From the above deserialization vulnerability, it can be seen that Java reflection can indeed access private methods and properties, which is a way to bypass the second-level security mechanism (one). It is actually something similar to a "backdoor" left by Java itself for a certain purpose, or to facilitate debugging. In any case, its principle is to turn off access security checks.

In general, when we find a vulnerability and want the program to implement command execution, there are two directions we can work hard

1. Control codes and functions: data is treated as code like injection holes such as named injection; or readObject is rewritten like the above demo code, and custom code is added
2. Control input, data, variables: use existing functions and logic in the code to control the process by changing the form of the input content (different inputs will take different logic flows and execute the code in different code blocks)

For Java deserialization vulnerabilities, this belongs to the category of control data entry.

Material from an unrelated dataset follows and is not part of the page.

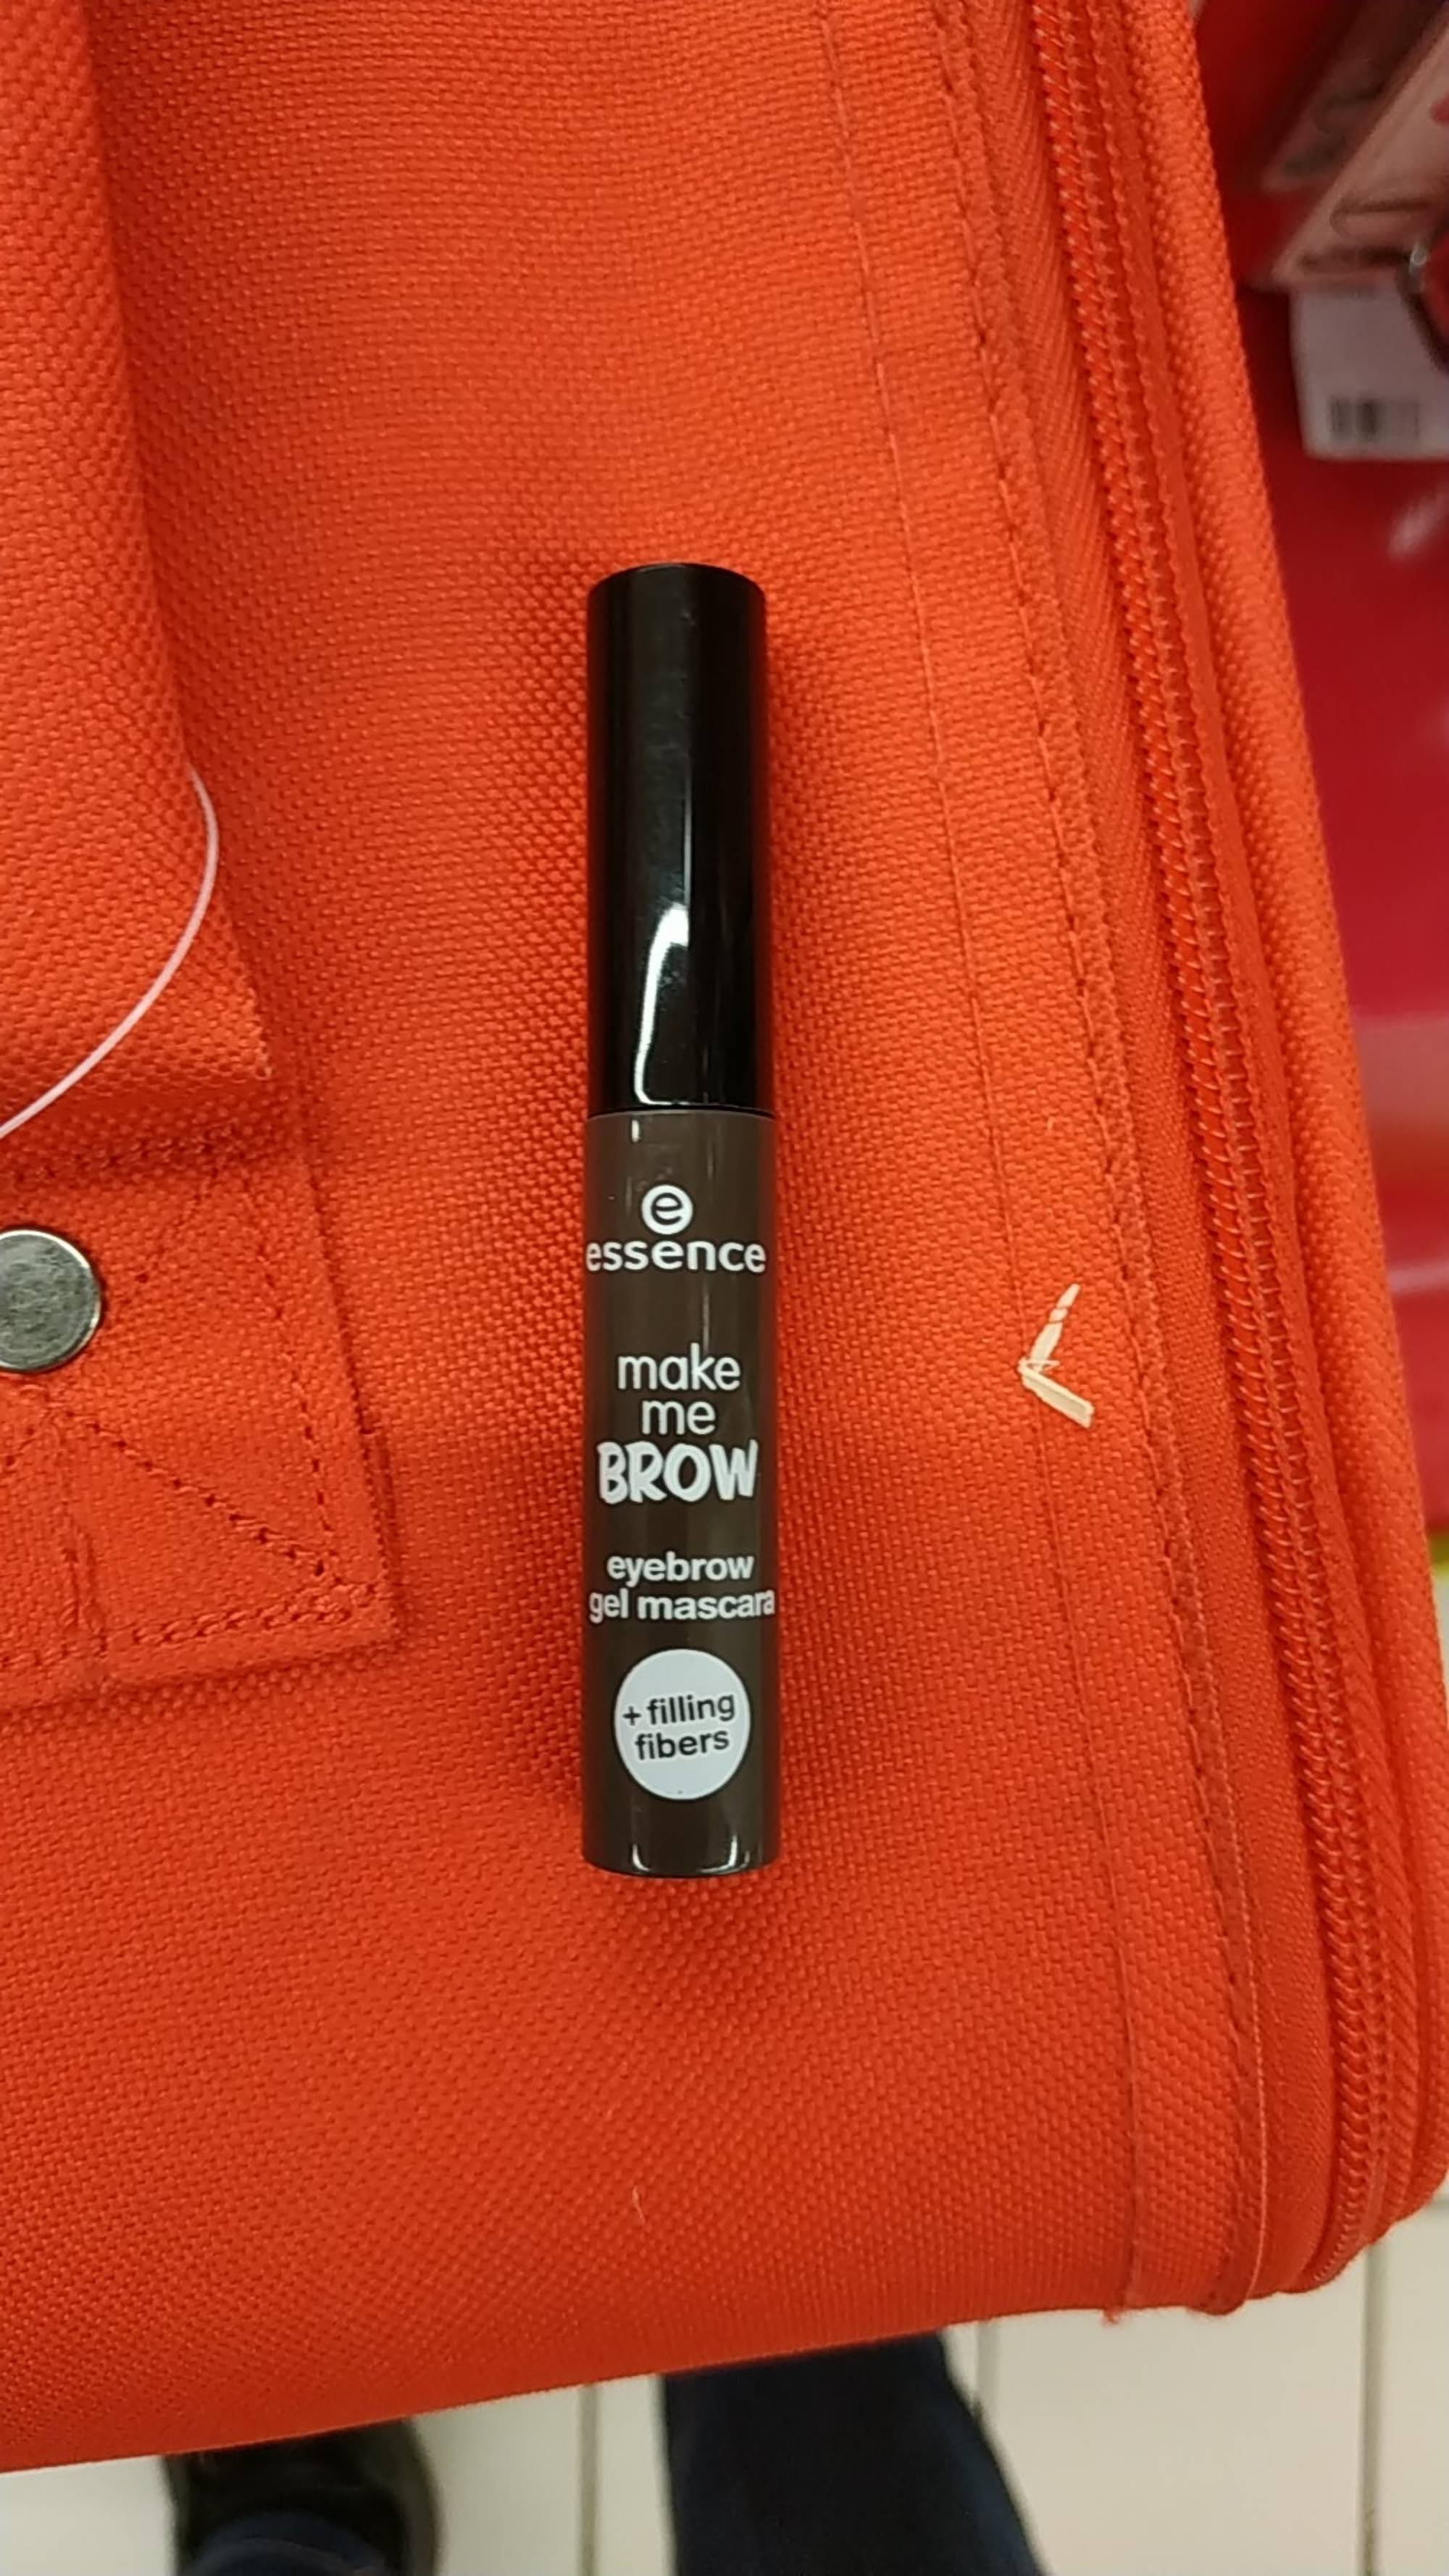 ESSENCE - Make me brow - Eyebrow gel mascara 02 browny brows

When calling the reflection mechanism to trigger a vulnerability, he has two basic points that must be met:

1. There is a serializable class, and the class has rewritten the readObject () method (since there is no code injection, you can only find if there is such a class in the existing code logic)
2. The method.invoke function appears in the logic of the rewritten readObject () method, and the parameters are controllable.

0x06 reflection safety

After reading the above, we should sincerely sigh that the Java reflection mechanism is too powerful. However, if we have a certain sense of security, we will find that the Java mechanism is too powerful.

Security is a more complex issue when dealing with reflections. Reflection is often used by framework-type code. Because of this, we may want the framework to have full access to the code, regardless of the conventional access restrictions. However, in other cases, uncontrolled access can pose serious security risks.

Because of these conflicting requirements, the Java programming language defines a multi-level approach to deal with the security of reflection. The basic mode is to implement the same restrictions on reflection as applied to source code access:

1. Access from any location to common components
2. No private component access outside the class itself
3. Limited access to protected and packaged (default access) components

Compared to C ++, Java is a relatively safe language. This is closely related to their operating mechanism. C ++ runs locally, which means that the permissions of almost all programs are theoretically the same. Since Java is running in a virtual machine and does not directly contact the outside world, the running environment of Java is actually a "sandbox" environment. And as the security model of Java, it includes: a series of security components such as bytecode verifier, class loader, security manager, access controller, etc., so the security mechanism of Java seems to be more complicated.